Patrik Sinkewitz is still without a cycling team for 2010 and admits that time is running out if he is going to rescue his career as a professional cyclist.
Sinkewitz rode for PSK Whirlpool-Author last year after making a comeback from a doping-related ban. The 29-year-old enjoyed success, winning three races, including stage three of the Vuelta a Portugal. However after the team downgraded from Professional Continental status, Sinkewitz was left in limbo, the team unable to retain his services with a smaller budget.
“Maybe in the next few days I’ll have an option but the teams I’ve tried where there was a possibility, either don’t answer or they don’t have easy contacts. Some just don’t have the money for me,” Sinkewitz told Cyclingnews.
“It’s disappointing for me but every rider has a different situation. I’m optimistic and hope that I’ll be lucky.”
Since his return to the sport after testing positive for testosterone in 2007 Sinkewitz is quick to point out that he has been part of the UCI’s biological passport and that constant checks with the governing body have been made at his request in order to show teams he has been riding without controversy.

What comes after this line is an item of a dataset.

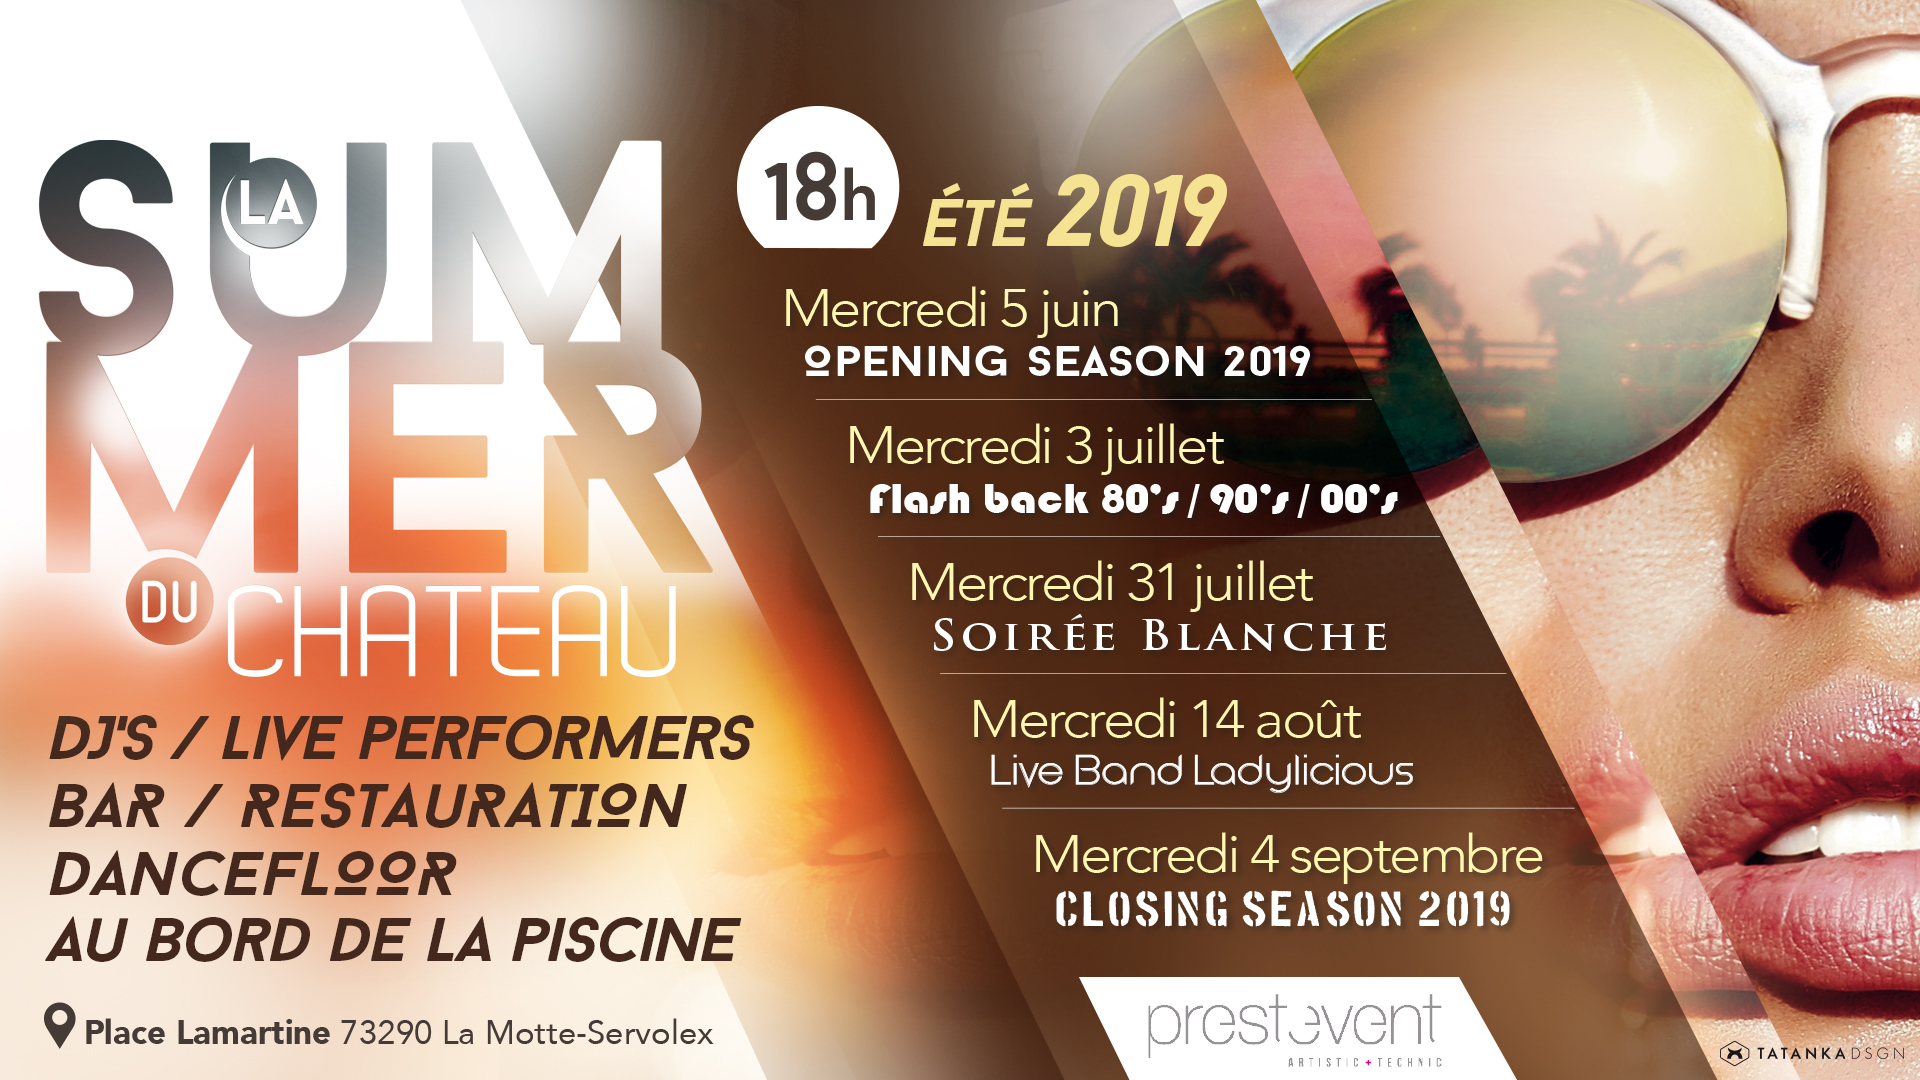 La Summer du Château – Opening Season 2019

“Last year I raced and I’m in the biological passport. I’m 29 and I should be in the best years of my career. I have experience and I want to race so badly. I made a big mistake. I paid for that and I know it had a knock on effects too, but I’m still optimistic. I hope that things will be okay in the next few weeks.”
Sinkewitz has trained over the winter and is unwilling to contemplate a life without the sport. When mentioning retirement, the former Quick Step and Telekom rider quickly dismisses the idea.
“I’ll think about that when there’s no more chance of finding a team. I want to come back and I’m putting all my focus on that.
It was a big year for me last year and I was hoping this year would be a lot easier, but that hasn’t worked out.”